5 optimizer search

"""
This example demonstrates optimizer search using NePS to design custom PyTorch optimizers
and find the best configuration. The search space defines a custom optimizer with three
gradient transformation functions sampled from {sqrt, log, exp, sign, abs}, a learning
rate sampled logarithmically from [0.0001, 0.01], and gradient clipping from [0.5, 1.0].
NePS evaluates each optimizer by optimizing a quadratic function to discover the most
effective combination of gradient transformations and hyperparameters for convergence.

Search Space Structure:
    optimizer_class: optimizer_constructor(
        <sampled from {sqrt, log, exp, sign, abs}>,
        <sampled from {sqrt, log, exp, sign, abs}>,
        <sampled from {sqrt, log, exp, sign, abs}>,
        learning_rate=<sampled from [0.0001, 0.01] log-scale>,
        gradient_clipping=<sampled from [0.5, 1.0]>
    )
"""

import neps
import torch
import logging


def optimizer_constructor(*functions, gradient_clipping: float, learning_rate: float):
    # Build a simple optimizer that applies a sequence of functions to the gradients
    class CustomOptimizer(torch.optim.Optimizer):
        def __init__(self, params):
            defaults = dict(
                gradient_clipping=gradient_clipping, learning_rate=learning_rate
            )
            super().__init__(params, defaults)

        def step(self, _closure=None):
            for group in self.param_groups:
                for p in group["params"]:
                    if p.grad is None:
                        continue
                    grad = p.grad.data
                    for func in functions:
                        grad = func(grad)
                    # Apply gradient clipping
                    grad = torch.clamp(
                        grad, -group["gradient_clipping"], group["gradient_clipping"]
                    )
                    # Update parameters
                    p.data.add_(grad, alpha=-group["learning_rate"])

    return CustomOptimizer


# The search space defines the optimizer class constructed with sampled hyperparameters
# and functions
class OptimizerSpace(neps.PipelineSpace):

    # Parameters with prefixed _ are internal and will not be given to the evaluation
    # function
    _gradient_clipping = neps.Float(0.5, 1.0)
    _learning_rate = neps.Float(0.0001, 0.01, log=True)
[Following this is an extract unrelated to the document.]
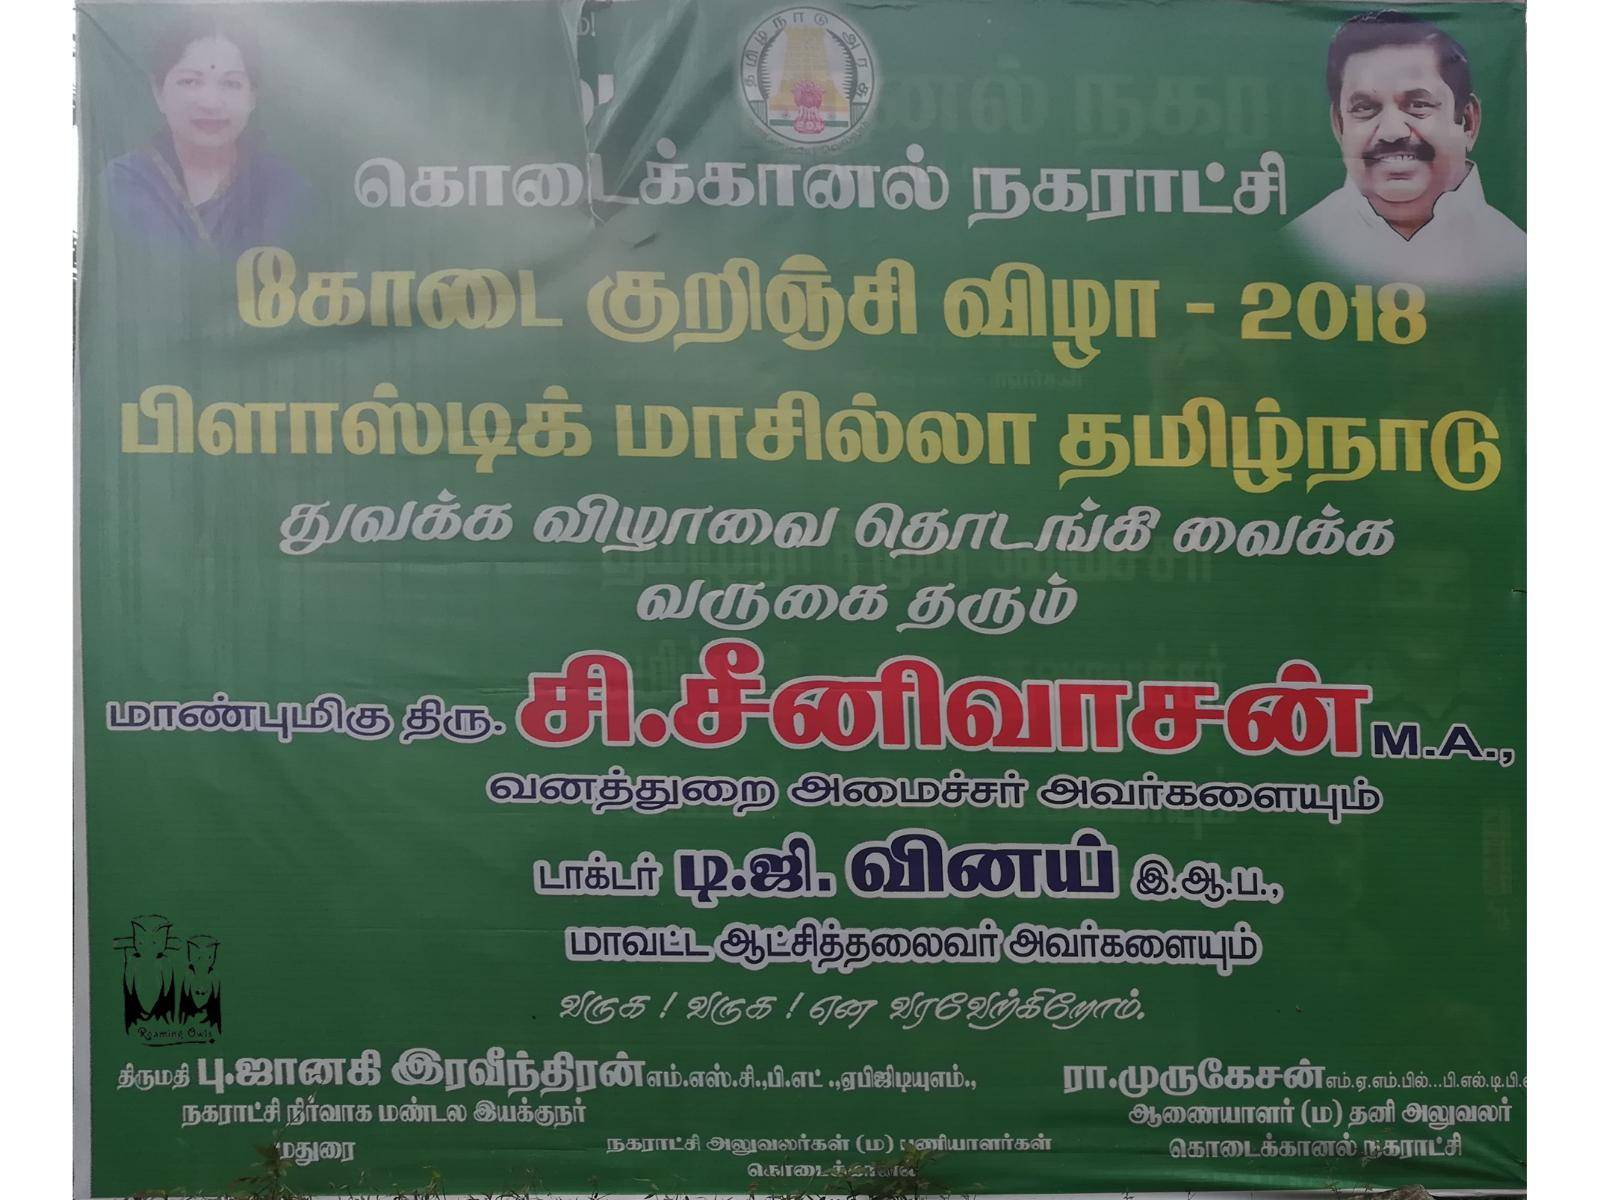 Tamilnadu Government Banners,Kodaikanal Kurinji Festival,Kodaikanal Summer Festival

    _functions = neps.Categorical(
        choices=(torch.sqrt, torch.log, torch.exp, torch.sign, torch.abs)
    )

    # The optimizer class constructed with the sampled functions and hyperparameters
    optimizer_class = neps.Operation(
        operator=optimizer_constructor,
        args=(
            _functions.resample(),
            _functions.resample(),
            _functions.resample(),
        ),
        kwargs={
            "learning_rate": _learning_rate.resample(),
            "gradient_clipping": _gradient_clipping.resample(),
        },
    )


# In the pipeline, we optimize a simple quadratic function using the sampled optimizer
def evaluate_pipeline(optimizer_class) -> float:
    x = torch.ones(size=[1], requires_grad=True)
    optimizer = optimizer_class([x])

    # Optimize for a few steps
    for _ in range(10):
        optimizer.zero_grad()
        y = x**2 + 2 * x + 1
        y.backward()
        optimizer.step()

    return y.item()


# Run NePS with the defined pipeline and space and show the best configuration
if __name__ == "__main__":
    pipeline_space = OptimizerSpace()

    logging.basicConfig(level=logging.INFO)
    neps.run(
        evaluate_pipeline=evaluate_pipeline,
        pipeline_space=pipeline_space,
        root_directory="results/optimizer_search_example",
        evaluations_to_spend=5,
    )
    neps.status(
        root_directory="results/optimizer_search_example",
        print_summary=True,
    )